Узкий проход с низким потолком, через который попадаешь в наш дом, большую часть времени остается в темноте, это своего рода шлюз, где пространство неожиданно сужается, соединяя оставшуюся позади анфиладу дворов и просторное помещение, поражающее своими размерами. Ширина этого коридора чуть больше метра, ровно столько, сколько мне требуется, чтобы одним рывком броситься на противоположную стену. Я ударялась о нее не только головой или ладонями, мои плечи и торс также касались ее. Движение это было сильным, хотя и не быстрым, скорее, точно направленным и четким. Жак замедлял его, схватив меня за талию.

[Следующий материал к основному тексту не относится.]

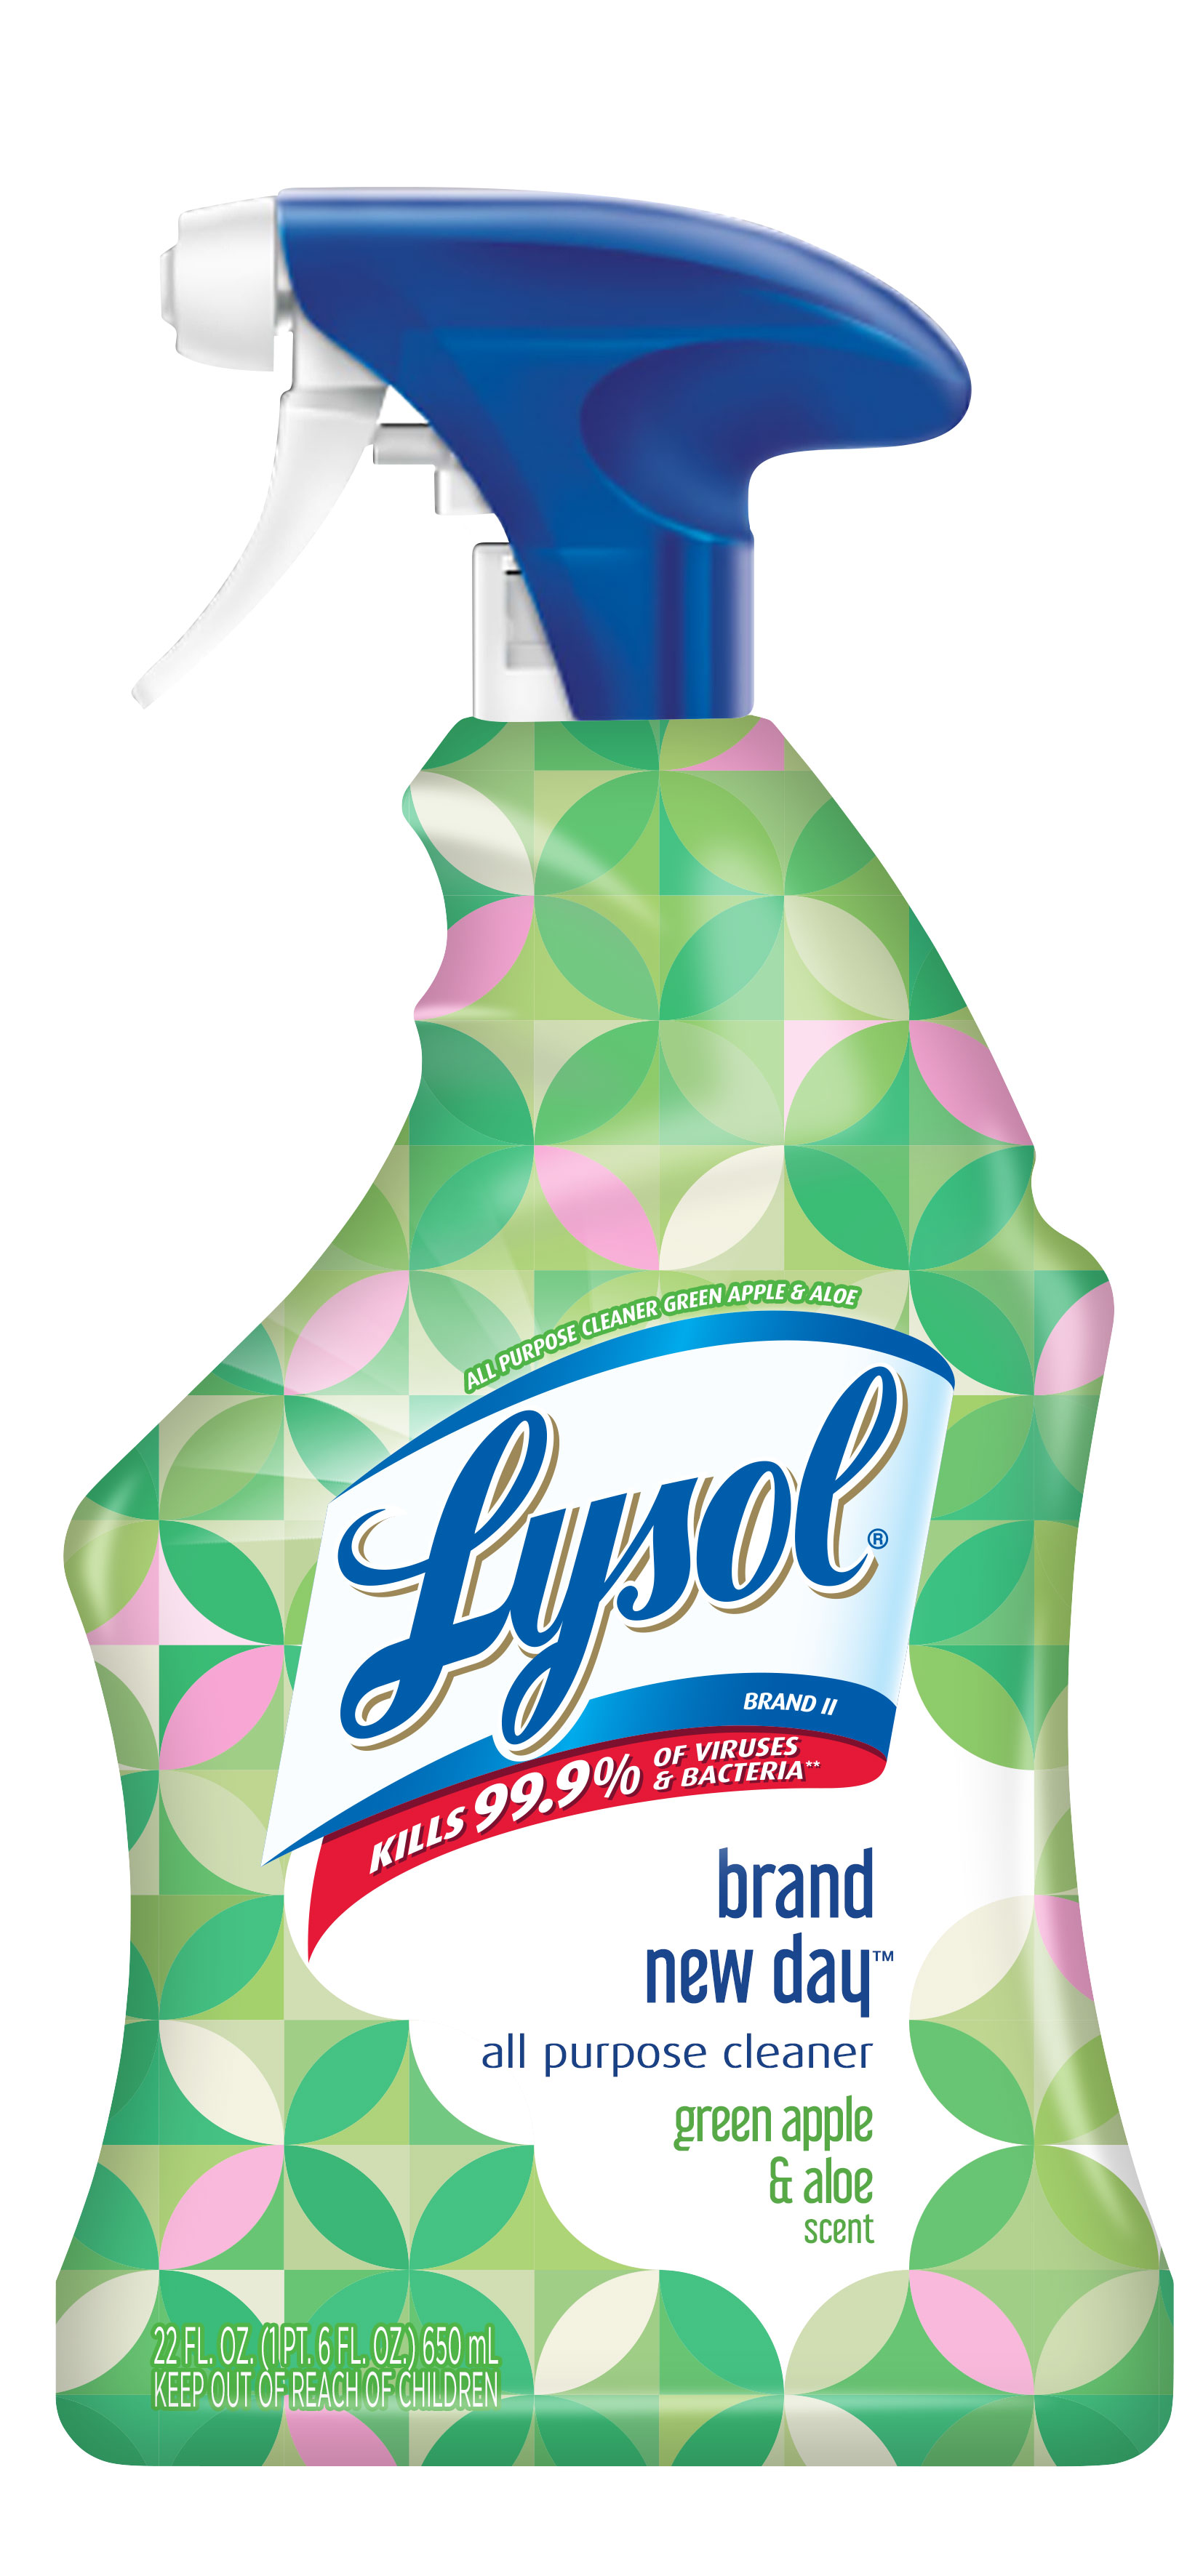 LYSOL® All Purpose Cleaner - Brand New Day™ - Green Apple & Aloe (Discontinued Jan. 30, 2020)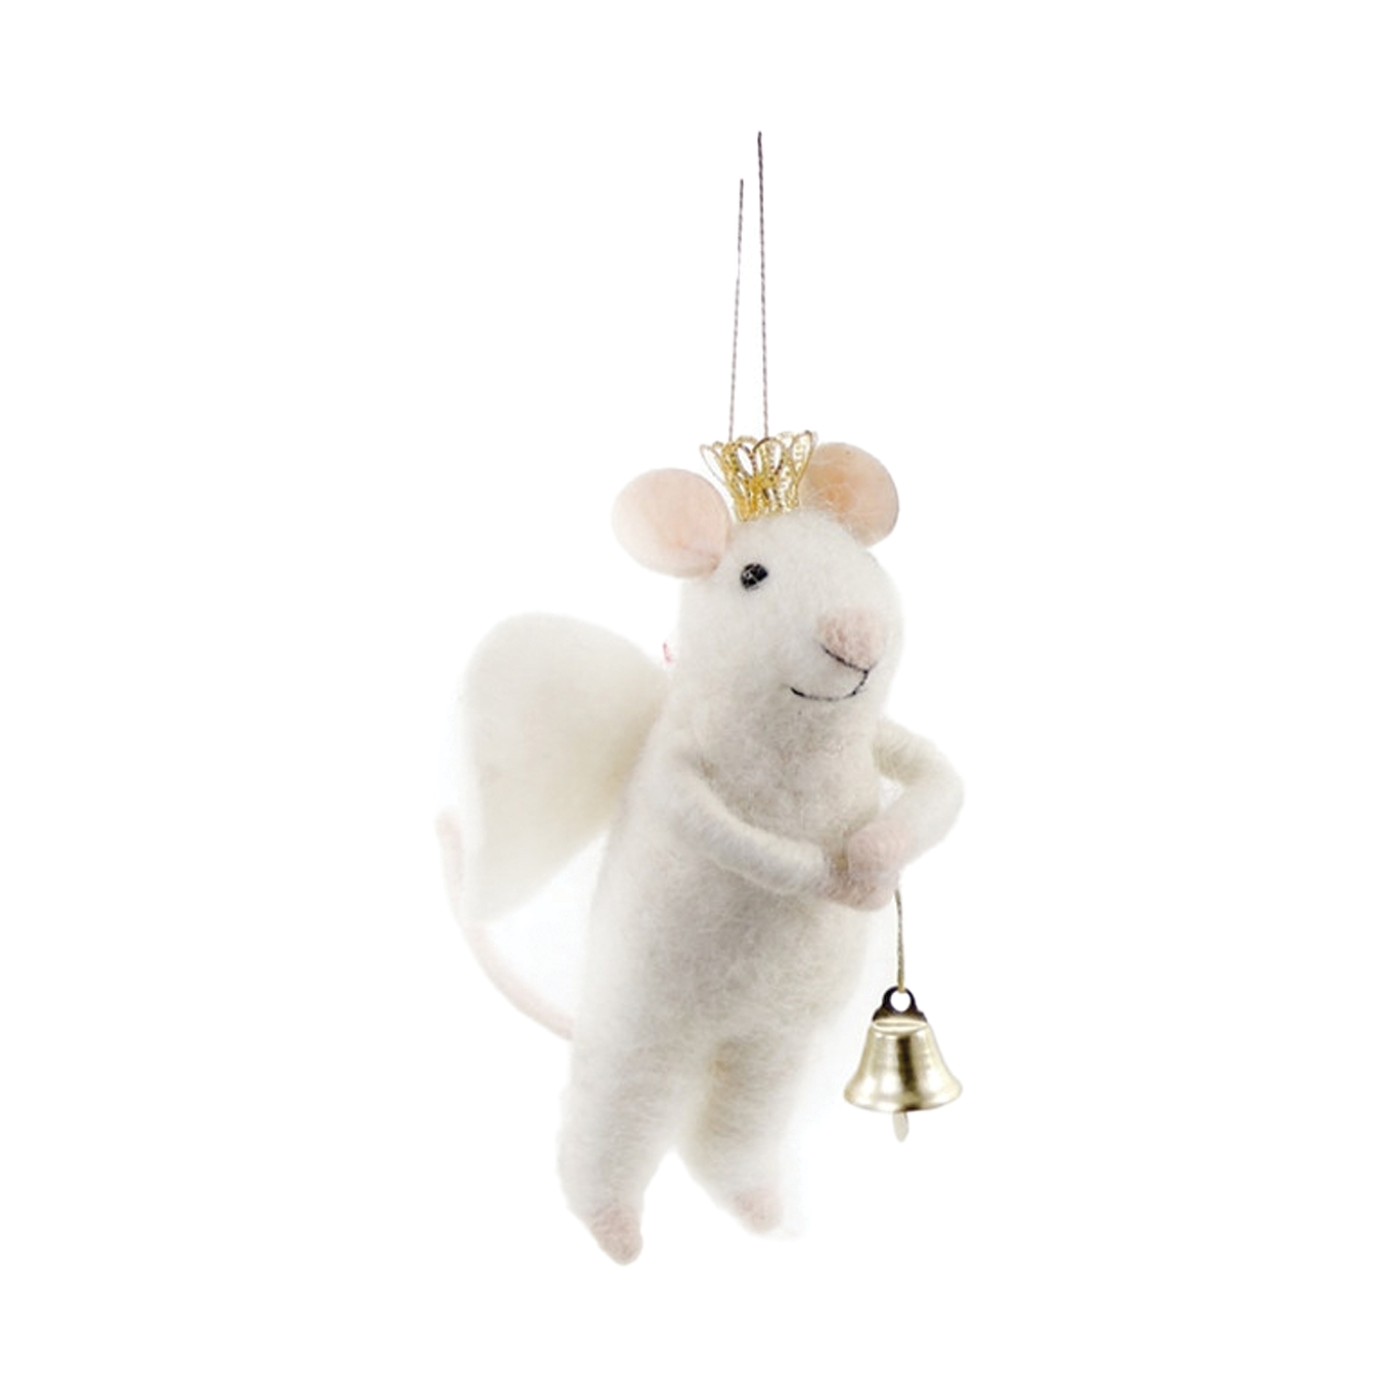 Merry X-mas Mr. Mouse Ornament - Angel

Вспоминая подобные вспышки, я могу оценить, как бесценны кусочки образов, уцелевшие на дне нашей памяти после чтения или просмотра картин, фотографий, различных спектаклей; в конце концов, они соединяют воедино наш и только наш эмоциональный багаж. При необходимости мы черпаем из него модели поведения, которые примеряем к обстоятельствам собственной жизни, и нашу манеру на них реагировать, они образуют цоколь, на который можно водрузить терзающие нас вопросы. Скажем, если наша индивидуальность сделала нас чувствительными к тому или иному произведению, к какой-то детали
Совсем не обязательно, чтобы подобный эмоциональный багаж действительно помогал нам анализировать бессмысленное, а иногда и чудовищное поведение, на которое мы способны сами или которое наблюдаем у других, но он помогает нам смириться с таким поведением (и не сойти при этом с ума), соотнося его с моделями, принадлежащими более высоким и зачастую более абстрактным сферам; он же служит своего рода объяснением, если страдание не оставляет нам времени на раздумья. Если искусство способно раздвинуть границы нашего существования, что также составляет одно из его предназначений, то для того, чтобы независимо от своего качества или сложности предложить каждому из нас — в соответствии с нашей культурой — мотивы, которые позволили бы нам ориентироваться в повседневной жизни и в потоке впечатлений.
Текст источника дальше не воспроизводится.